In 2008, twelve-year-old D.J., one of appellant's stepdaughters, wrote in her diary that appellant had made her “hump him” in 2005 when she was nine. She later retracted that allegation in a signed statement to the police. Then, in May 2010, D.J. and M.J., another one of appellant's stepdaughters, told their mother that appellant had been touching them. She called the police, who told her to take the girls to the Bundy Child Advocacy Center (the “CAC”). Forensic interviewers at the CAC conducted separate, videotaped interviews of both girls on May 25, 2010. In part of her interview, D.J. described the first instance of abuse in 2005, where appellant forced her to sit on his lap and moved back and forth against her.
In her grand jury testimony on October 26, 2011, D.J. stated that what she said in her CAC interview was true. However, it does not appear from the record that the tape of that interview was played for the grand jury, or that it had been played for D.J. before she was asked to affirm the truth of statements she made seventeen months earlier.
On April 24, 2012, appellant was indicted on nine counts of first-degree child sexual abuse and eight counts of second-degree child sexual abuse. The indictment alleged that between July 2004 and May 2010, appellant sexually abused D.J., M.J., and two of their friends on numerous occasions. Each count identified a single victim and alleged a specific time period and type of sexual act. For example, count two alleged that appellant touched M.J.'s breast sometime between 2005 and 2007.
B. Evidence at Trial
D.J., who was fifteen at the time of trial, was very reluctant to testify. She did not appear after being subpoenaed by the government, and marshals eventually brought her to the courthouse. After some introductory questions, the prosecutor asked D.J. about the first time appellant abused her. In response, she shook her head and said more than once that she did not want to talk about it, explaining that she did not “want to keep bringing it back up.”

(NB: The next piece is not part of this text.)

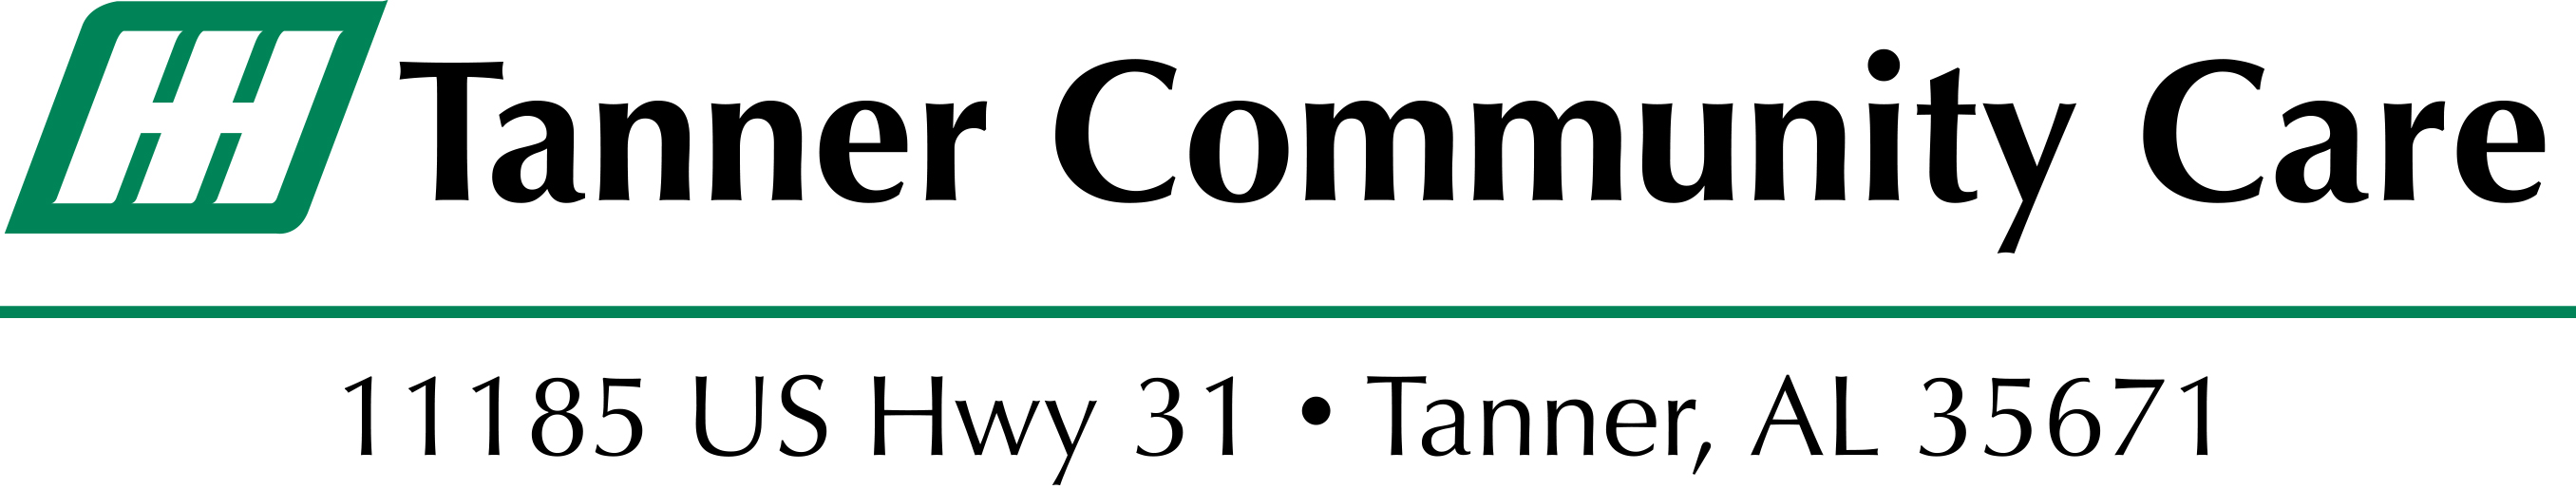 ALH TannerCommunityCare Logo1
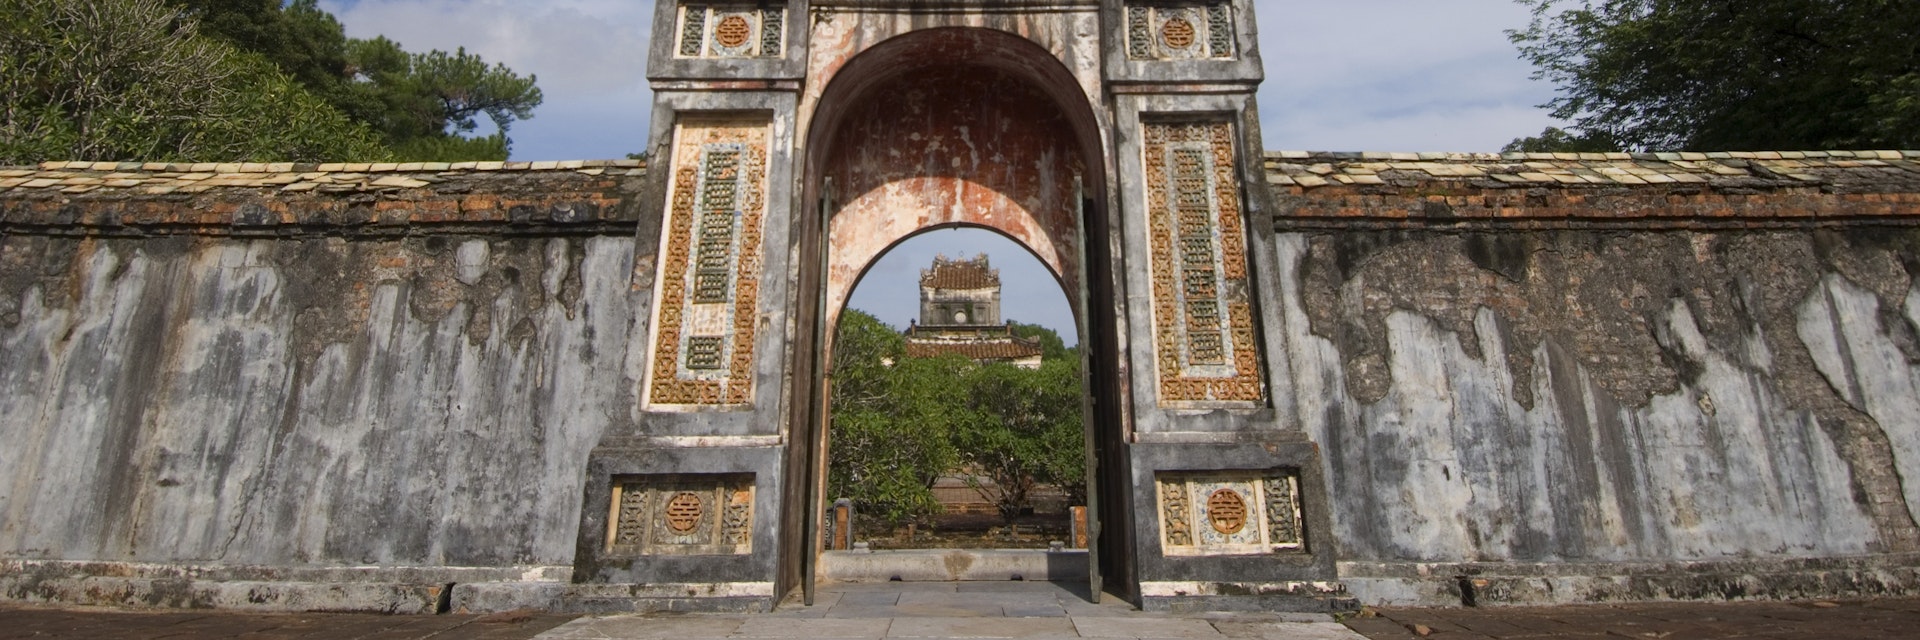 VIETNAM - 2006/09/27: Vietnam, Hue, Tomb Of King Tu Duc, Gate. (Photo by Wolfgang Kaehler/LightRocket via Getty Images)

The government then asked D.J. if she had been interviewed at the CAC. D.J. responded that she had spoken to a lady at the CAC in 2010 and told the lady the truth. The government introduced the video of that interview over appellant's objection, and played the portion in which D.J. described the 2005 abuse. After viewing and listening to the recording, D.J. reaffirmed that everything she said in it was true. She did not give any further testimony about the first time appellant abused her, but did answer questions relating to at least four later instances of abuse. On cross-examination, she answered all the questions appellant's counsel asked her.
M.J., who was seventeen at the time of trial, testified that appellant abused her on numerous occasions between 2005 and 2010. Among other things, she said that appellant had rubbed her breast on numerous occasions starting in 2009, after the family moved to a residence on Shepherd Street.
The mother of D.J. and M.J. also testified. On direct examination, the government asked her a series of questions about periods of time when she was separated from appellant and had children with other men. She testified that she had four children when she was separated from appellant, and that she and appellant had “started getting back involved with each other when he was released from jail in 2000.” That testimony prompted a motion for a mistrial, which was denied.
The jury convicted appellant of seven counts of first-degree and six counts of second-degree child sexual abuse. Two of the original counts were dismissed at the government's request, and the jury deadlocked on the two remaining counts.
II. D.J.'s CAC Interview
Appellant first contends that it was error to admit D.J.'s videotaped interview at the CAC. We review the trial court's evidentiary rulings for abuse of discretion. Diggs v. United States, 28 A.3d 585, 594 n. 11 (D.C.2011).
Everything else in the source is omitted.